Insights in how cyanobacteria use ‘leftover’ light in shaded environments
Currently, photosynthesis in plants only converts few percent of the incoming light into chemical energy. This low yield is partly because only a portion of the solar spectrum, corresponding roughly to visible light (wavelengths below 700 nm), can be absorbed and used to power photosynthesis. Roberta Croce, professor of biophysics of photosynthesis of Vrije Universiteit Amsterdam, and her group are trying to increase the absorption of far-red light, corresponding to wavelengths above 700 nanometres.
07/13/2020 | 2:32 PM
The ultimate goal of this research is to introduce a chlorophyll variant from cyanobacteria - which are very good at that specific absorption - into the plants so that they can use far-red light. This is particularly relevant for crops because only far-red light penetrates into the crop field, meaning that mostly far-red light is available for the leaves in the shade. A preliminary study validating this strategy was published July 13 in Nature Plants.
Photosynthesis is the process that transforms light energy into biomass (food and fuel) and in this way it sustains all life on Earth. Cyanobacteria are bacteria that perform photosynthesis. Also plants perform photosynthesis because they contain an organelle very similar to a cyanobacterium (actually it is a cyanobacterium that was “eaten” by the plant long ago).

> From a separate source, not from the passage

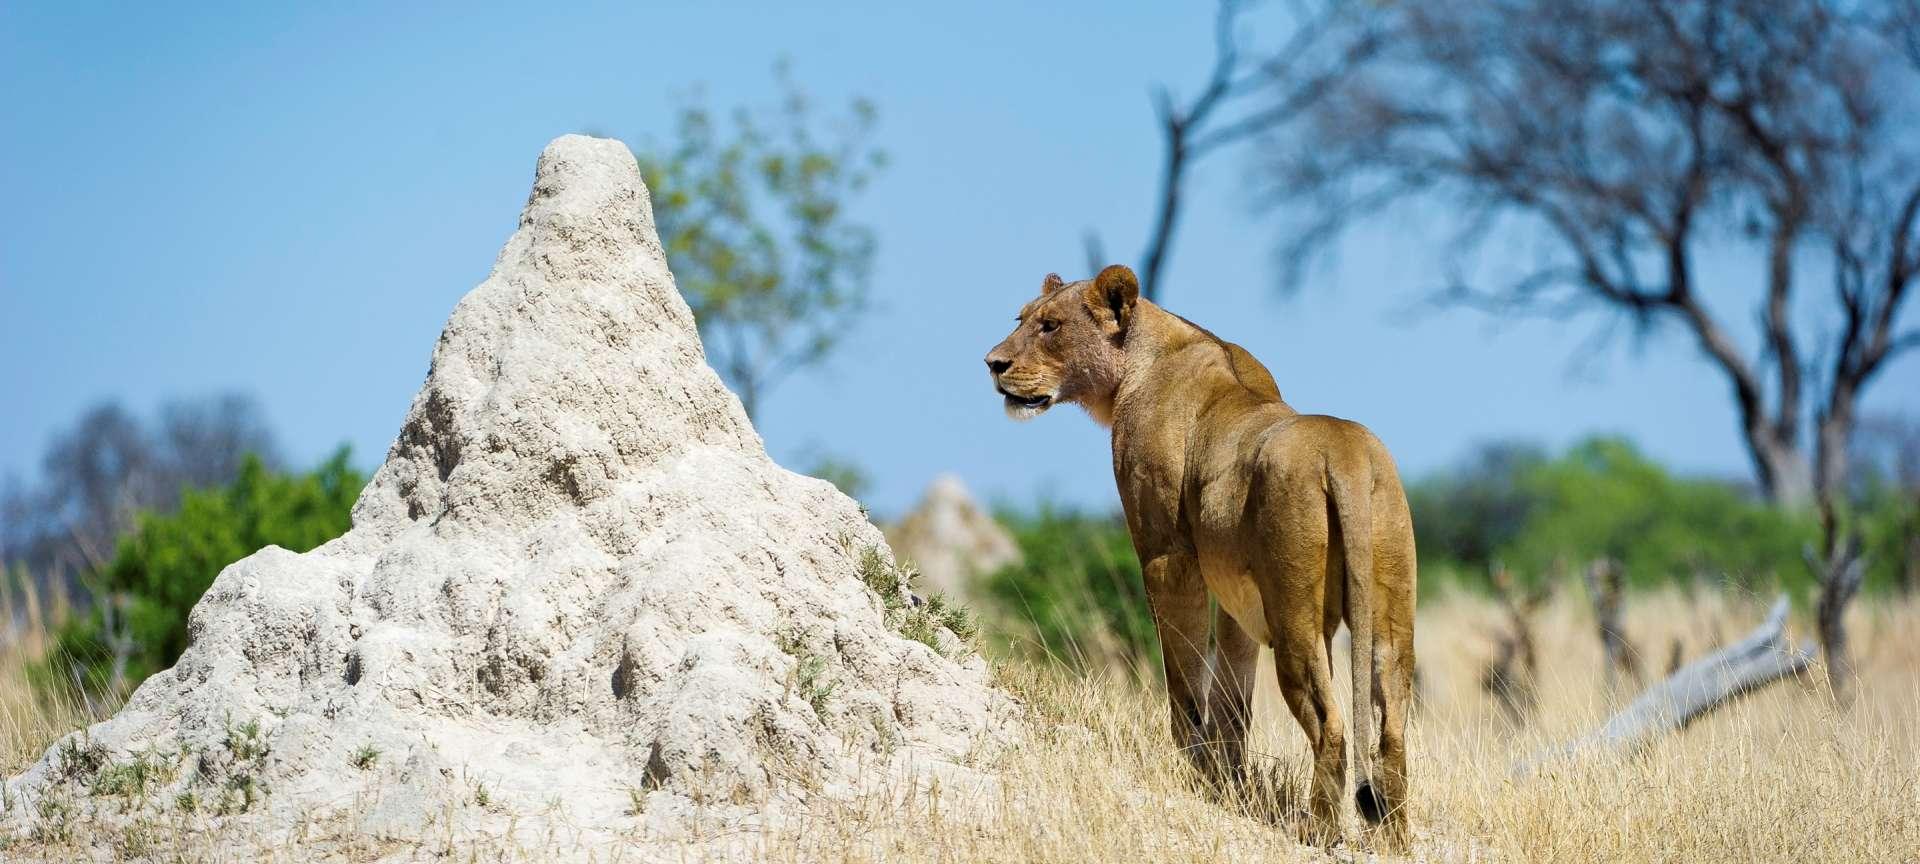 Hwange National Park - Africa Wildlife Safaris

Cyanobacteria, similar to algae and plants, use pigments called chlorophylls to absorb light and power the electron transfer reactions that initiate photosynthesis, like a sort of natural solar cell. Chlorophyll captures sunlight and converts the solar energy into chemical energy, which is then used for photosynthesis. Not all solar photons, however, carry enough energy to drive these reactions, and the efficiency of photosynthesis substantially drops in the infra-red. This is why oxygenic photosynthesis mostly employs a particular chlorophyll, chlorophyll a. Indeed this pigment, which is responsible for the green coloration of plants, absorbs only visible light (the colours of the rainbow, corresponding to photon wavelengths of 400-700 nm; note that longer photon wavelengths imply lower photon energy). As a result, the infra-red (above 700 nm) wavelengths, representing over 50% of all solar photons reaching the Earth surface, remain largely unutilized. This restriction can be particularly limiting under the shade of a dense plant canopy, where most visible light is absorbed by the upper leaves and the available light is highly enriched in infra-red photons. Therefore, pushing the light-harvesting capacity beyond these natural spectral limits seems promising for increasing biomass yields.
A strategy for making use of the infra-red photons is to select pigments absorbing at longer wavelengths (or, equivalently, lower energies) than chlorophyll a. In this respect, a lesson from nature comes from some recently discovered cyanobacterial species that populate deep shaded environments. These species can adapt to use the longer wavelength “leftover” light by remodelling their photosynthetic apparatus and producing a different pigment, chlorophyll f. Though chlorophyll f makes these cyanobacteria capable of capturing photons with wavelengths between 700-800 nm, very little was known so far about its impact on the photosynthetic efficiency. This information is essential if we wish to introduce this pigment into other organisms, such as plants and algae, to expand their light-harvesting capacity.
By studying the ultra-fast processes that follow light absorption by the chlorophylls (typically on timescales of fractions of billionth of seconds) the researchers found that the presence of chlorophyll f could sometimes reduce the efficiency of photosynthetic reactions. However, the use of chlorophyll f remains beneficial in shaded environments that are highly enriched in low-energy photons, where chlorophyll a would hardly absorb any light. This finding proves that the use of chlorophyll f is a viable strategy for extending the absorption spectrum of engineered crops. The analyses also shed light on the structural and energetic reasons behind the reduced performances of chlorophyll f-containing cyanobacteria. This represents a starting point for the rational design of new photosynthetic units that is required to achieve the desired high biomass yields.